Sarah FulfordThe U.S. presidential race has been depressing to watch. The portrait of America that has emerged from the conventions and the debates and the attack ads is grim: a country plagued by vast unemployment and a shrinking middle class, where many average citizens can’t pay the bills. For the first time in generations, Americans anticipate their kids will never make as much money as they do. Even the flow of illegal immigrants to the U.S. is slowing; since the economy crashed in 2008, the number of Mexicans sneaking across the border has declined.

Both presidential candidates think they know how to fix the country. Obama believes in sharing the wealth, and Romney believes in the power of the free market. The only thing they agree on is that the American dream is in tatters.

Or maybe it just got displaced. Maybe it moved to Canada. We have our share of economic challenges, as anyone in ­Stephen Harper’s office could tell you.

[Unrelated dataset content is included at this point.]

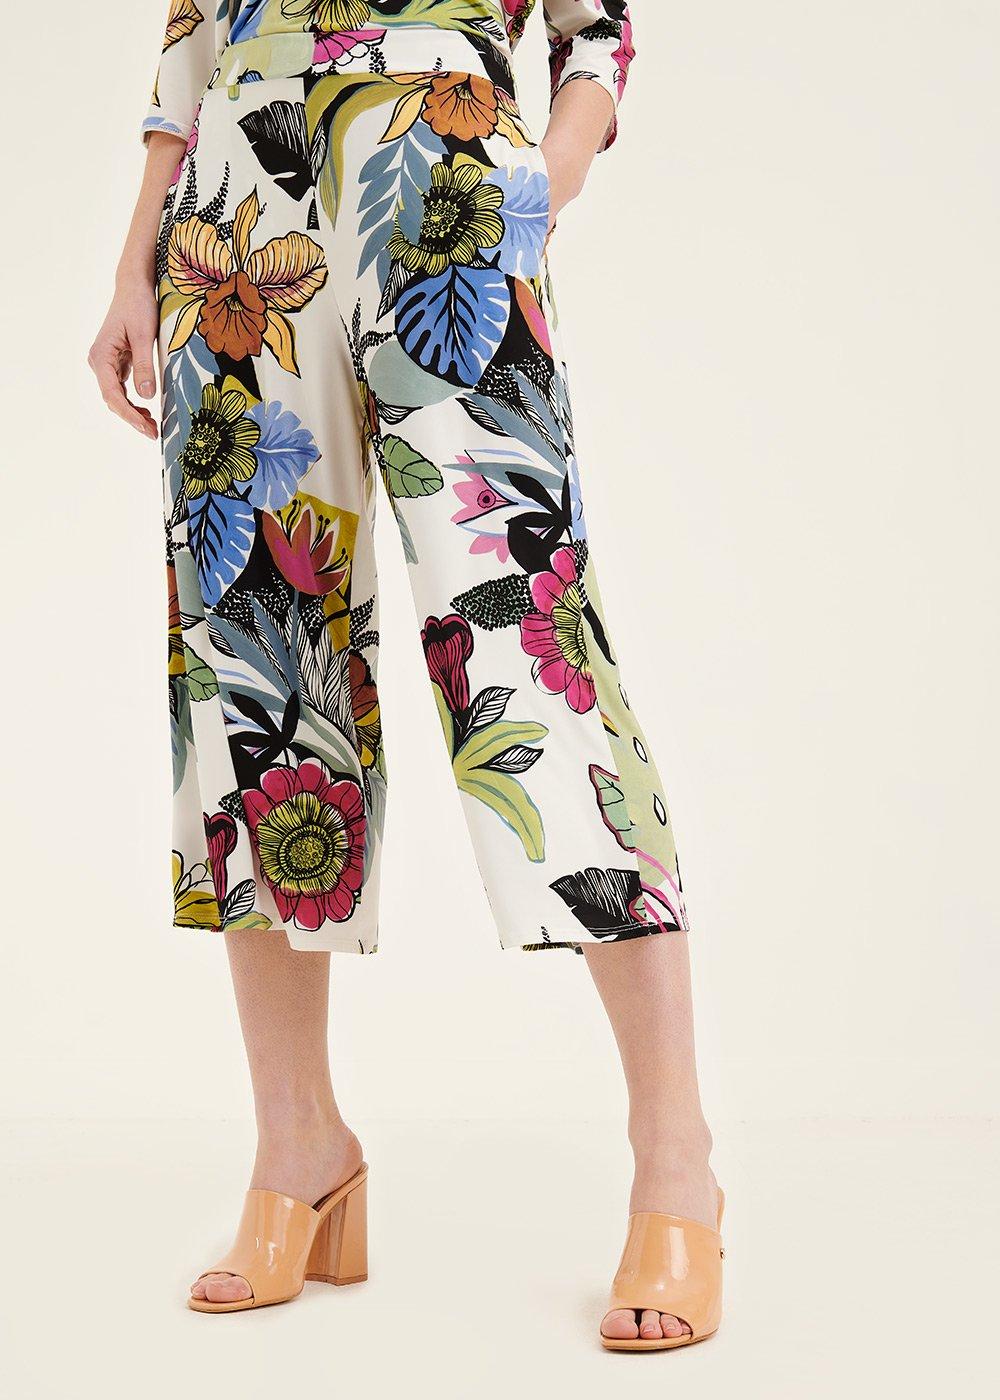 Pantalone Megan stampa fiorata - White /  Curcuma Fantasia - Donna

But compared with many troubled spots on the globe, Canada is paradise. Our middle class is relatively stable, and people from all over the world are desperate to move here. This country, of course, has always attracted immigrants in search of a better life. But Canada wasn’t necessarily a first-choice destination. Now, as Europe experiences extreme economic volatility and the U.S. becomes a place where people are working three minimum-wage jobs to make ends meet, Canada’s status abroad has greatly improved.